MACBETH
BY WILLIAM SHAKESPEARE
Directed by PJ Escobio
Blood will have blood
A premonition, a passionate couple, regicide, and from there the eventual slide into tyranny, insomnia and murder – “Sleep no more, MacBeth does murder sleep”. Shakespeare’s masterpiece is filled with witches, betrayal, death and revenge. Nobody survives tyranny unharmed, there is always a human cost, for some it’s their sanity for others it’s the ultimate price.
PERFORMANCE DATES
Matinée Premiere (11:00 AM): Wednesday 29 October
Evening Premiere (8:00 PM): Thursday 30 October
Further performance dates (matinée):
October 30 & 31*
December 3 & 4
January 28, 29 & 30
*includes a talkback after the performance
Further performance dates (evening):
October 30 & 31
December 3, 4 & 5
January 28 & 29
TICKETS AVAILABLE EXCLUSIVELY THROUGH
CAST
PRODUCTION TEAM
Fight Direction – John Bellomo | Intimacy Direction – Katie Gilchrist | Choreographer – Helena Polic
Education/Production Manager – James Phetterplace Jr. | Technical Director – Mike Vandercook
Sound Design & Music Composition – David Sidnev | Lighting Design – Thomas Rösener
Props Master – Dirk Conrad | Costume Manager – James Bailey
DIRECTOR'S NOTE
Tyranny has a cost. Everyone from the tyrant to the youngest child must pay that bill in some way. Fascism and autocracy are always self-consuming beasts so that the Tyrant themselves often pay with their lives. We see it throughout history; the worst regimes only die when you cut the head off the snake. The Great Terror ended when they took Robespierre’s head, Maga will die soon when it’s cult leader finally ceases to exist and the genocide in Gaza will only end when the current prime minister of Israel is no longer in office. This is a truth that history shows us time and again. Unfortunately, there is the cost the people must pay, often as victims and collateral damage inflicted by the cruelty of the self-serving tyrant. Putin now must stay at war, or he will lose his iron grip on power and the people of both Russia and Ukraine suffer because of it. Who will be next? Shakespeare lived in a time of autocracy and knew all too well the effects of living under the yoke of oppression, censorship was strong and one wrong rhyming couplet could get you put in the Tower for an extended stay.

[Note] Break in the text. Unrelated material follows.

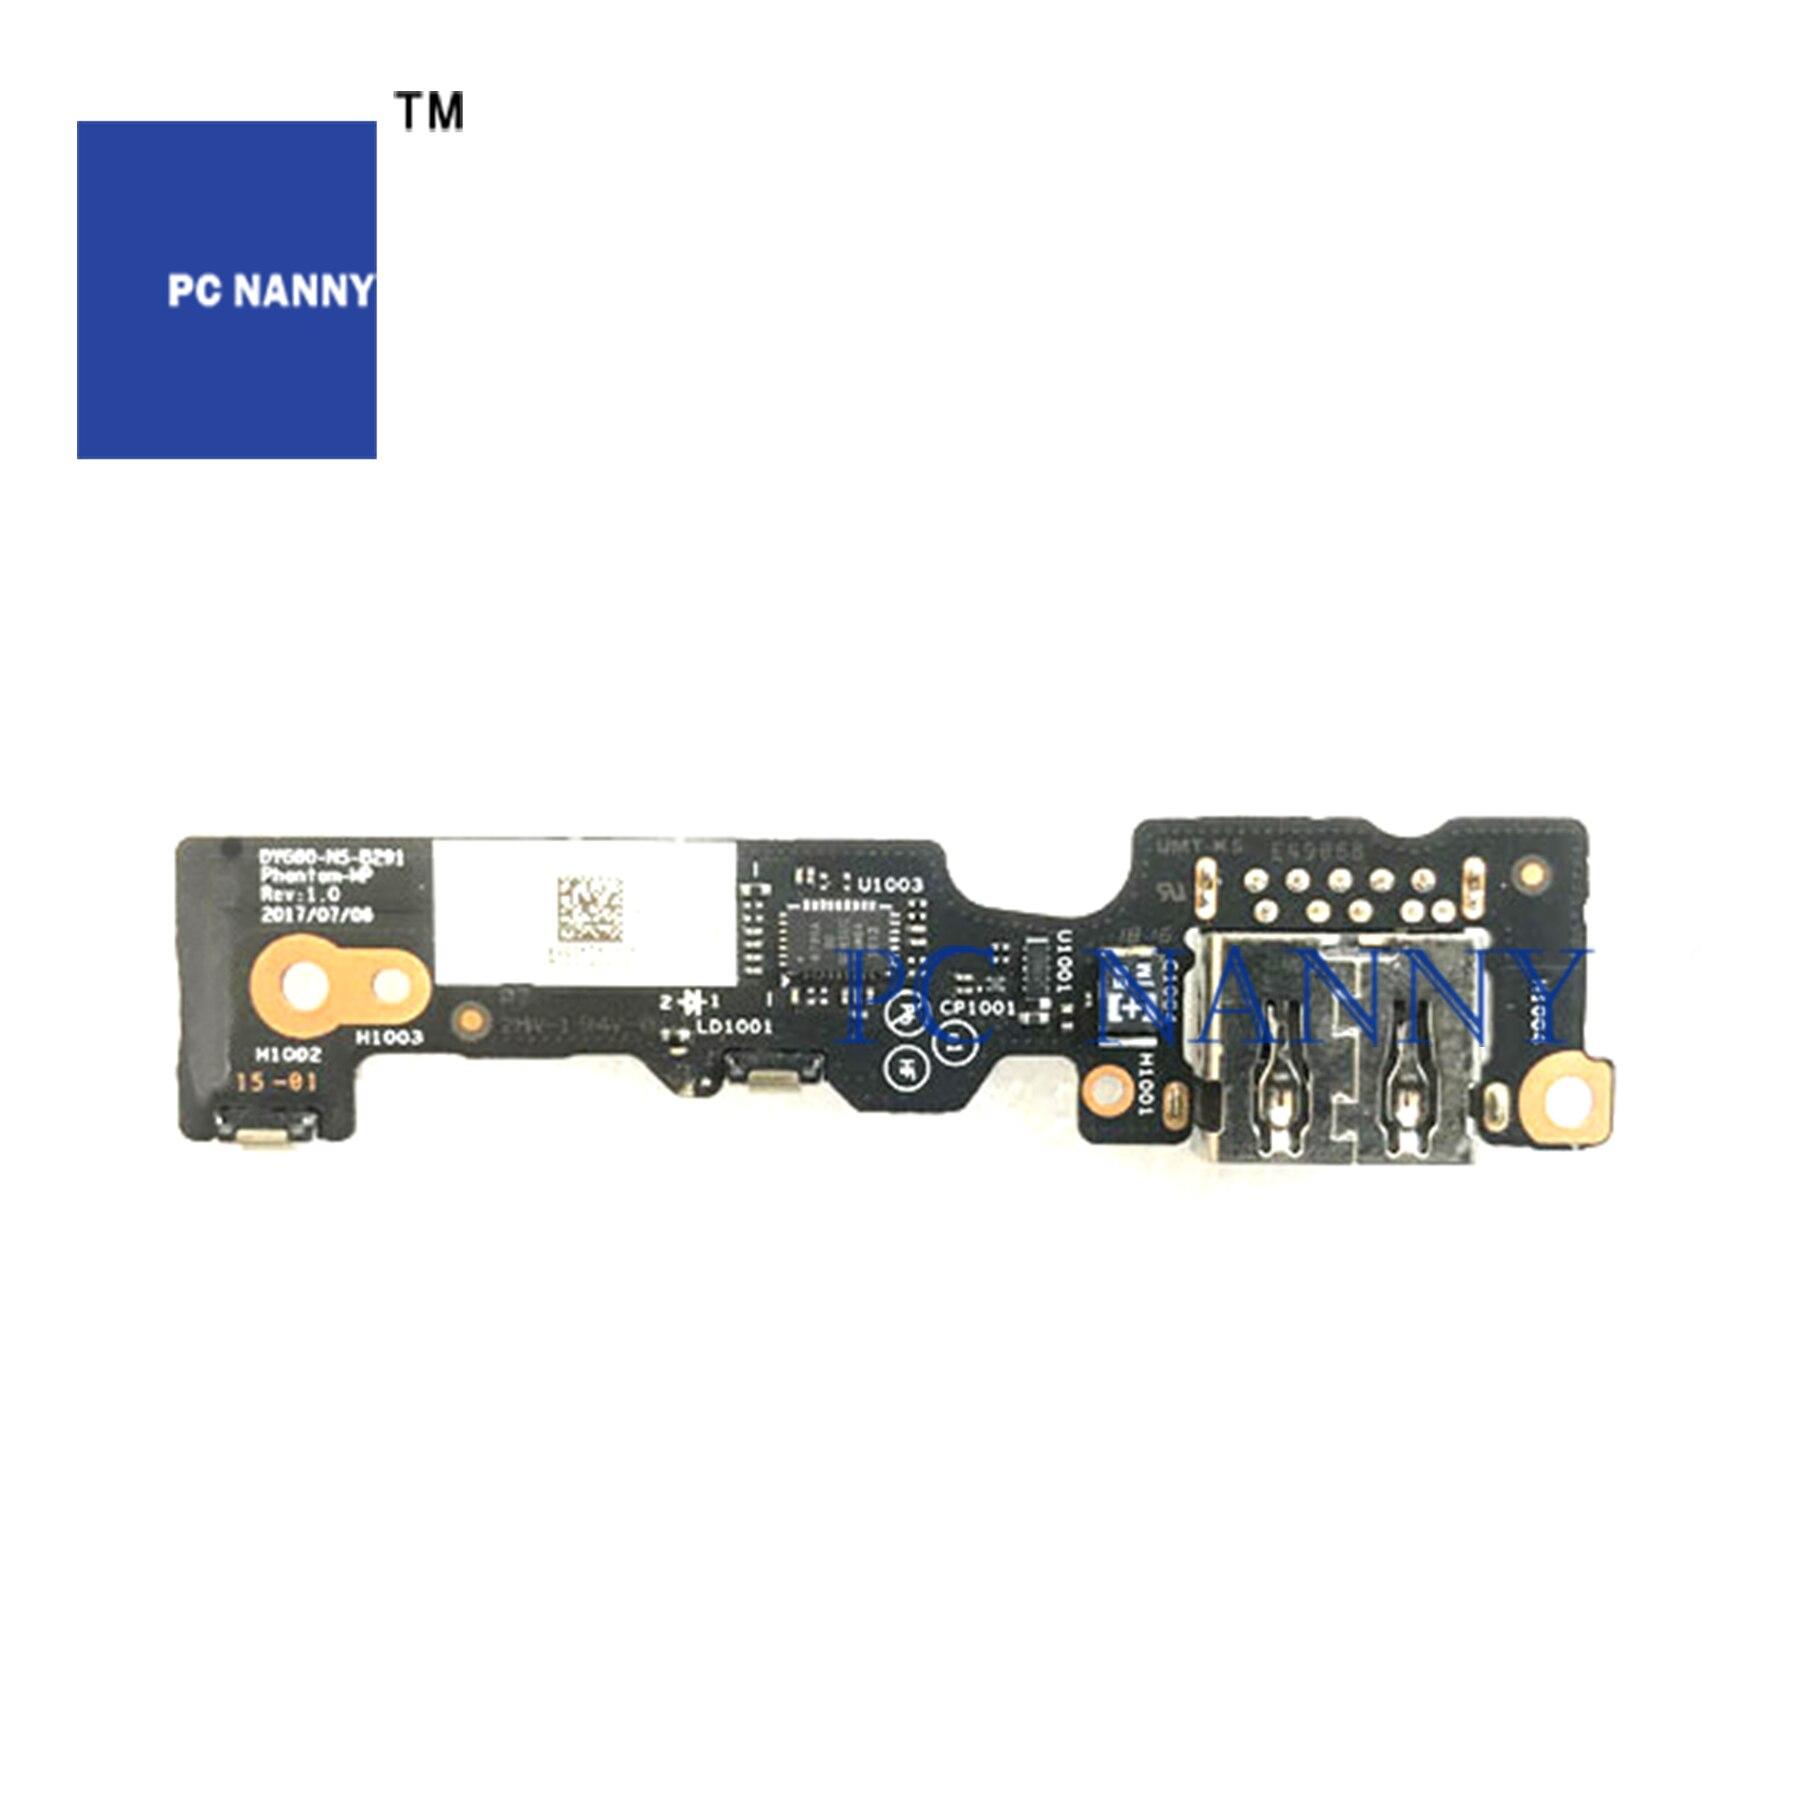 PCNANNY FOR Lenovo Yoga 920 920-13ikb Power Botton Switch USB  Board DYG60 NS-B291 DYG60 NF-B292 DA30000K030 CABLE Test Good

Macbeth is a tyrant of his own making; he has free will and chooses to be the perpetrator of violence and cruelty to stay in power. Like all tyrants, in the end he fails. The cost of doing the right thing and fighting back against tyranny has many permutations, sometimes it’s with resources, sometimes, it’s one’s sanity and many times the cost is in blood. This production focuses on the cost and hopefully reminds our audiences that there is light and hope, but chaos, represented by the witches, is always ready to come back and rear its ugly head to help create an environment rich for tyrants to gain control and subjugate our societies. Now is a time of tyranny, we must have empathy and we must fight for all to keep the cyclical nature of evil at bay once again.